My husband, with tears in his eyes and his voice shaking with pain, spoke next, "I care about you, Joann, but I've finally reached my limit. I want you to get help for your drinking, but if you don't, I won't stay around any more and watch you die. I didn't know what else to do, so I went to Dr. Kerns for help." Wiping away his tears, he struggled through the difficult words, "For too many years, I stood by, hoping for a miracle, but our misery only grew worse. It hurts deeply to watch our family being destroyed, to witness our children suffering so much pain. Maybe it's too late, but I can no longer ignore our misery." Even in my angry state, the agony in his face was unbearable to watch. Inside, I knew that I'd put him through hell. Closing my eyes, I stuffed my guilt deep into my pit of despair and concealed it with my solid wall of denial.
Indeed, I knew what this "meeting" was all about. A few months ago I had read one of the brochures that John had conveniently left around the house. It mentioned a family gathering called an "intervention, a time when family and friends lovingly attempt to convince a person to get help for addictions." Not only did my family want to imprison me, but they expected me to quit using alcohol. Even though I had assured them many times that I didn't have a problem with alcohol, it seemed they didn't believe me. I knew that Dr. Kerns had recently started a treatment center for alcoholics, so I suspected my family intended to put me there.
When John finished pouring out his heart and soul, he sat down, exhausted. Then each of our children, Renae, Lorene, and Don, gathered their strength one by one and told me of their distress. Crying in pain, Renae said, "I love you, Mom, even though it has been hard to at times." My son Don, weeping, pleaded with me, "I don't want you to die." Lorene told me, "You need some help, Mom." I couldn't stand watching their raw emotion much longer. It took all of my remaining stamina to keep from completely falling apart: there, next to my silent, disapproving father, was my mother sobbing and saying, "Please, Joann, go to treatment."
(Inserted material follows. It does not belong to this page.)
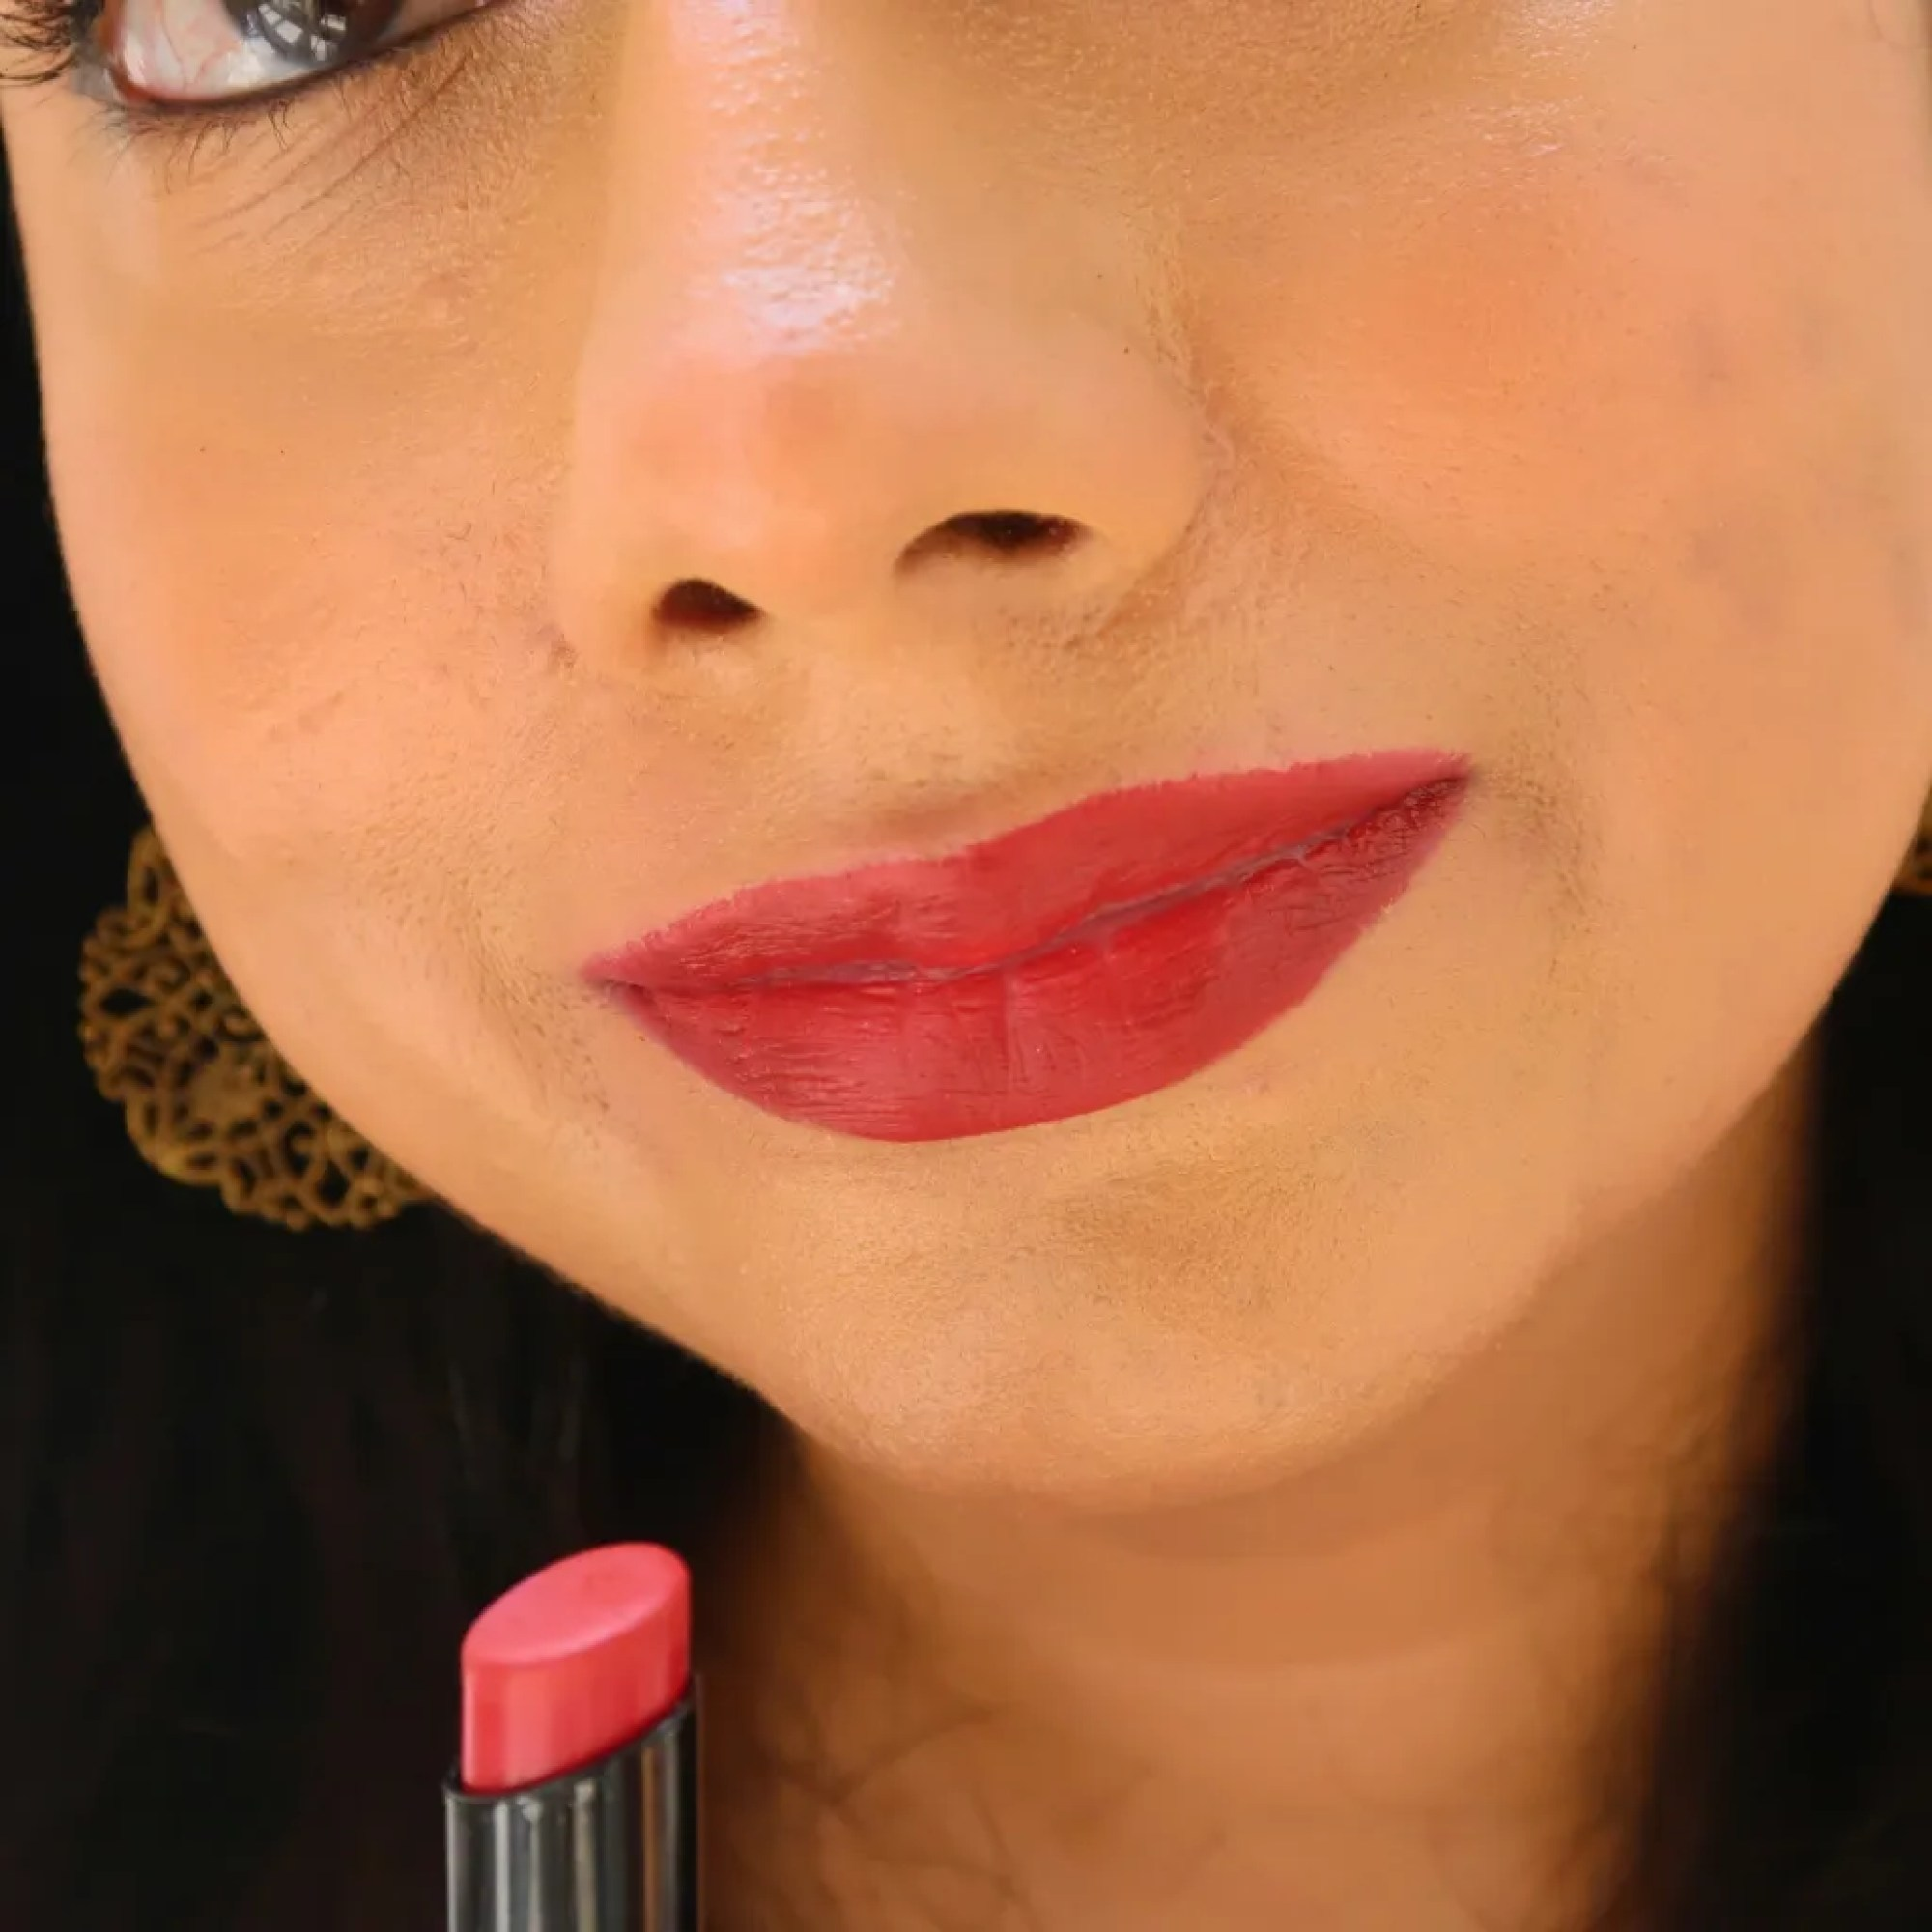 Spekta True Matte Lipstick - Saucy on NC35 skin tone

Even though so much pain and emotion was being expressed, I was determined not to go along with their plans. I was furious about my situation and with their condemning words. Against my will, my defenses seemed to be eroding. I was ashamed that my life had come to this terrible moment. Although my determined family wouldn't give up, all I could think about was escaping from the hospital to a place where they couldn't get me. The doctor kept the pressure on. One by one, my family elaborated in more painful detail about my ongoing battle with alcohol and how they witnessed our family falling apart.